Douzenski drew in a long breath.

“I have been instructed to tell you that we agree to pay in cash two hundred and fifty thousand dollars.” He paused, then went on, his voice rising: “A fortune!”

Radnitz regarded the end of his cigar. He had expected such an offer. He had to restrain the white hot rage that surged through him to have to deal with such a shabby creature.

“Are you serious?” he said, repeating Douzenski’s words mockingly.

Douzenski looked in his direction. He couldn’t see Radnitz clearly in the dark car.
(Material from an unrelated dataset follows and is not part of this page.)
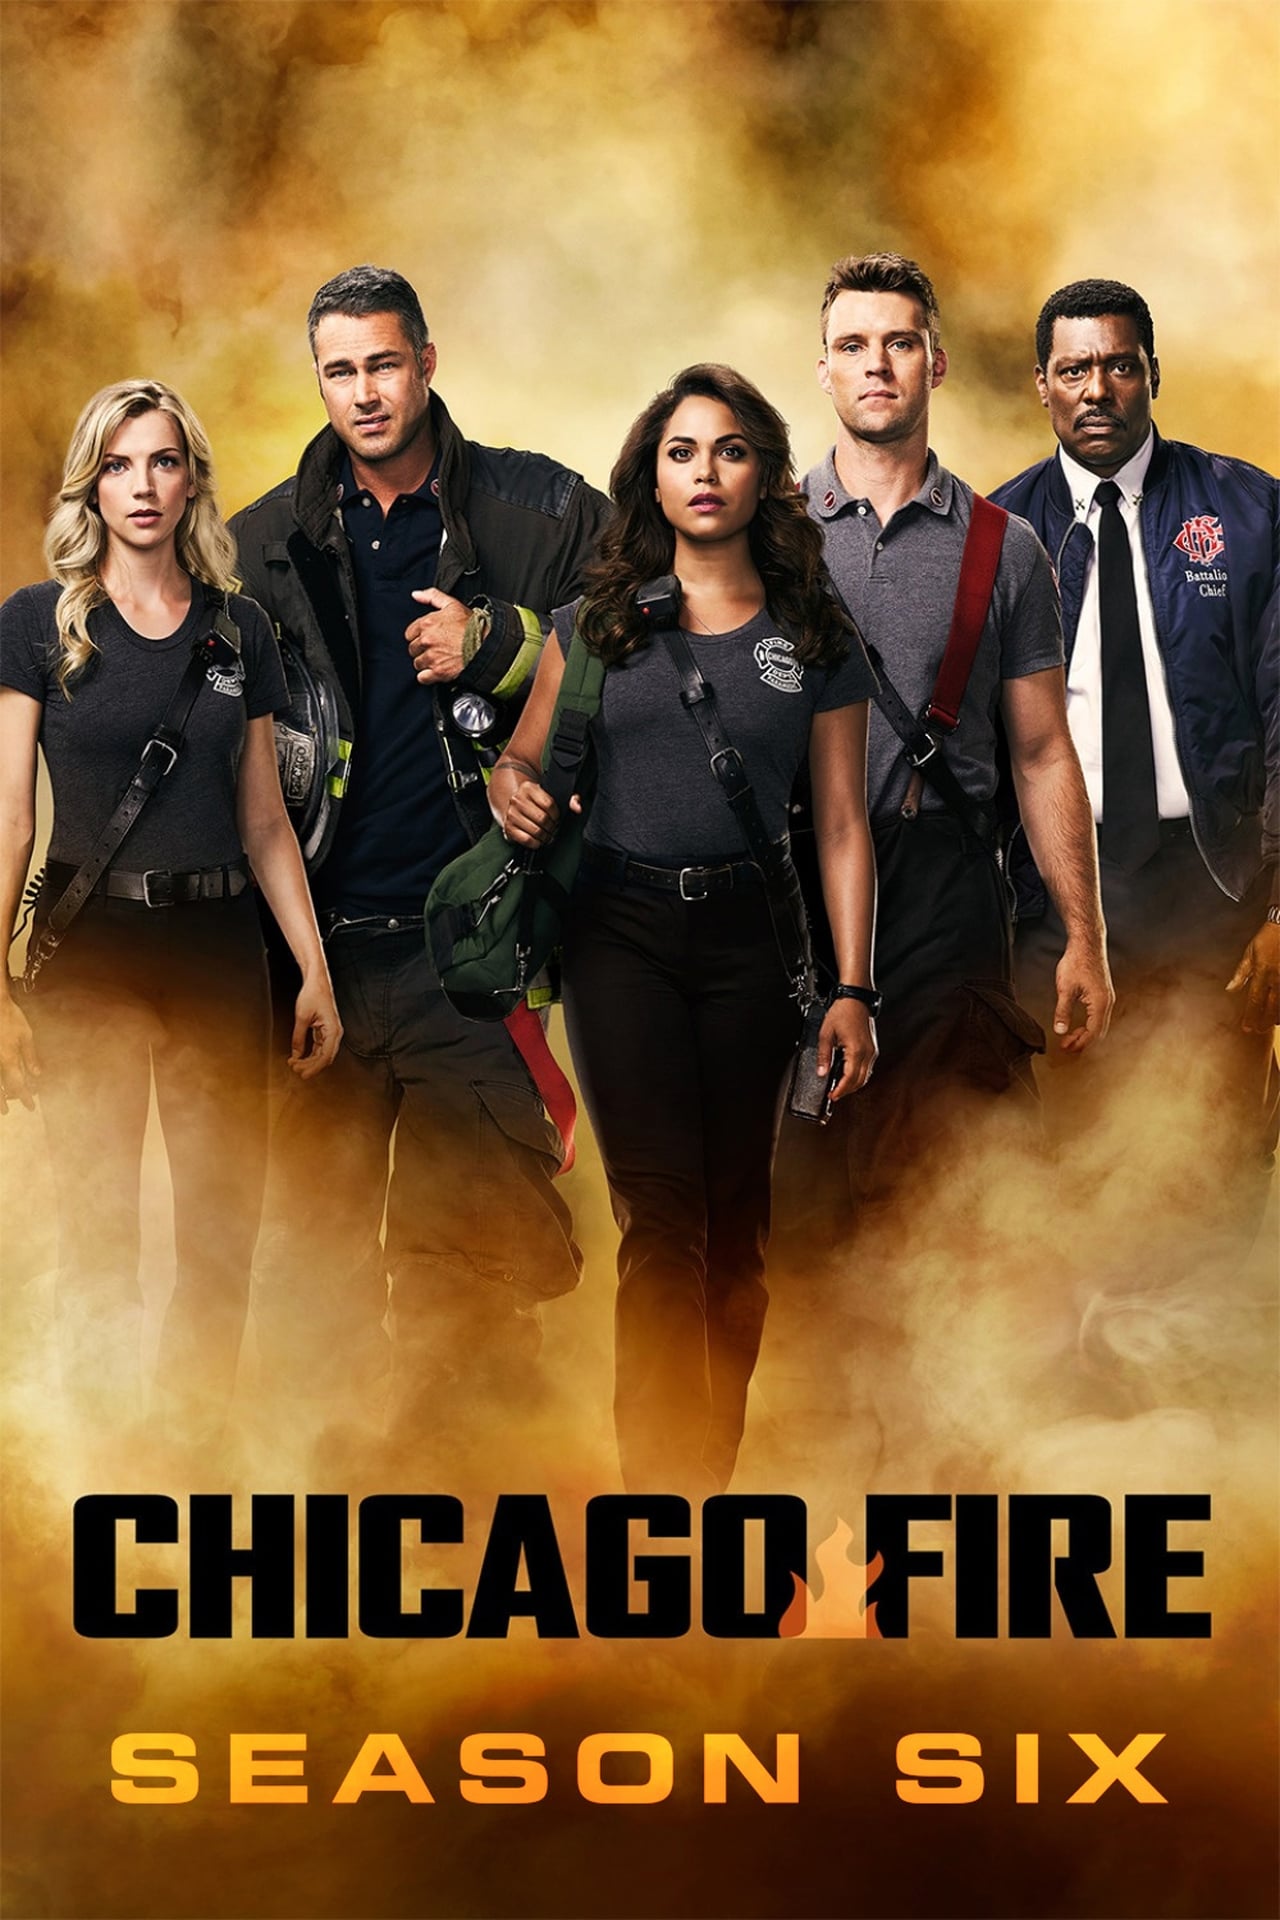 Chicago Fire Season 6 - Watch full episodes free online at Teatv

“Of course, but we will have to be satisfied it is the formula under discussion.”

“To be of any real value, the formula can only be owned by one country,” Radnitz said quietly. “I am prepared to let your people examine the decoded formula for two days, then if you fail to pay me, I would sell a copy of the formula to another country. You understand that?”

“How do we know you wouldn’t try to sell the copy after we have bought the original?” Douzenski demanded, delighted with his shrewdness.

“Because I deal with Nations,” Radnitz returned. When I make a bargain, I keep it.”

This Douzenski had heard and he nodded.

“So we are agreed?”

“Agreed? Did I say so? I understand you are making an offer of a quarter of a million dollars. That I can understand. Everyone makes an offer, but everyone does not make a ridiculous offer,” Radnitz said, an edge to his voice. “Now let me tell you something, my friend. One of my agents has hinted — no more than that — to the Chinese Government that the Formula ZCX, decoded, of course, could be for sale.” Radnitz paused. His hooded eyes regarded Douzenski’s face, caught from time to time by the passing street lights. The Chinese Government know the value of the formula. Without hesitation, they have offered three million dollars. Did you hear what I said . . . three million dollars!”

Douzenski sat bolt upright.

“Three million dollars!” he gasped. “That is absurd!”

“You think so?” Radnitz’s cold contempt was now apparent both in his voice and his attitude. “The Chinese Government don’t think so.” He paused to draw on his cigar. “Very well, then let us consider the deal is off.” Picking up the microphone, he switched it on and said to Ko-Yu. “The Russian Embassy.”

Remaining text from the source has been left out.